─── Extracted material ───

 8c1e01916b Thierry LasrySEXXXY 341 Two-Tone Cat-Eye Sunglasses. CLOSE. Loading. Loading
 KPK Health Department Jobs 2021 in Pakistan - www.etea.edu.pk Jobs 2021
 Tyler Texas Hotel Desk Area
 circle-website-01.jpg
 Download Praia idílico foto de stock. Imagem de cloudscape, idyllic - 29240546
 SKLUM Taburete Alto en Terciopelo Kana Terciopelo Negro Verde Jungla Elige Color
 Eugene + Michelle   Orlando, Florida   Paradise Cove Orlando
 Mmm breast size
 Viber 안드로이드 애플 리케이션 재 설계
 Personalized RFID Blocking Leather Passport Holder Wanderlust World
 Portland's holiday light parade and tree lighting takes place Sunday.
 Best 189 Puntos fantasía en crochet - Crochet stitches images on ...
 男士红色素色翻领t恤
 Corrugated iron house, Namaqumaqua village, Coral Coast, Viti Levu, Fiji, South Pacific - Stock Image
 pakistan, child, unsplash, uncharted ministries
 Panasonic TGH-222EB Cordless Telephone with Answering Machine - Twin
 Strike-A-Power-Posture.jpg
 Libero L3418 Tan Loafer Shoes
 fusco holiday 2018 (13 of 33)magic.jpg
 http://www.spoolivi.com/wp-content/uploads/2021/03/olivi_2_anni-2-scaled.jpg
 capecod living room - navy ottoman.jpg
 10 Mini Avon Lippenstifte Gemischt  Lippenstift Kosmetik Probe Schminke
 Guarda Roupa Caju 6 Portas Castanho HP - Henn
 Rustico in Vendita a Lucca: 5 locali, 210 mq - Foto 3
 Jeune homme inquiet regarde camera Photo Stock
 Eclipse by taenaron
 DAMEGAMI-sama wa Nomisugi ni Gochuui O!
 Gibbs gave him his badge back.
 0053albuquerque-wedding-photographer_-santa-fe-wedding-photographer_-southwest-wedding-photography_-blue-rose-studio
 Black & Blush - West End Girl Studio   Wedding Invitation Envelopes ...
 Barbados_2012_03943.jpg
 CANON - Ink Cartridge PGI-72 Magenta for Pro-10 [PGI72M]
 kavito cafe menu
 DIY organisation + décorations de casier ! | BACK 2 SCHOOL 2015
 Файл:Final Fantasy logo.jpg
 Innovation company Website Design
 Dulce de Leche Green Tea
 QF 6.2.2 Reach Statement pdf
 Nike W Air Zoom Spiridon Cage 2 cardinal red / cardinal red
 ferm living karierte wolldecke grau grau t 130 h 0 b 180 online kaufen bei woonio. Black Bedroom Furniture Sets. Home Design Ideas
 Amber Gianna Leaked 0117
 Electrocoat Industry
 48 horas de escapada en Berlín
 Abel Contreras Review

───

- [Exercise prompt]: The entries above hold a line with "capecod living room - navy ottoman.jpg" and a later line with "Rustico in Vendita". Write out exactly those lines and all lines between, nothing more.

- [Task solution]:
 capecod living room - navy ottoman.jpg
 10 Mini Avon Lippenstifte Gemischt  Lippenstift Kosmetik Probe Schminke
 Guarda Roupa Caju 6 Portas Castanho HP - Henn
 Rustico in Vendita a Lucca: 5 locali, 210 mq - Foto 3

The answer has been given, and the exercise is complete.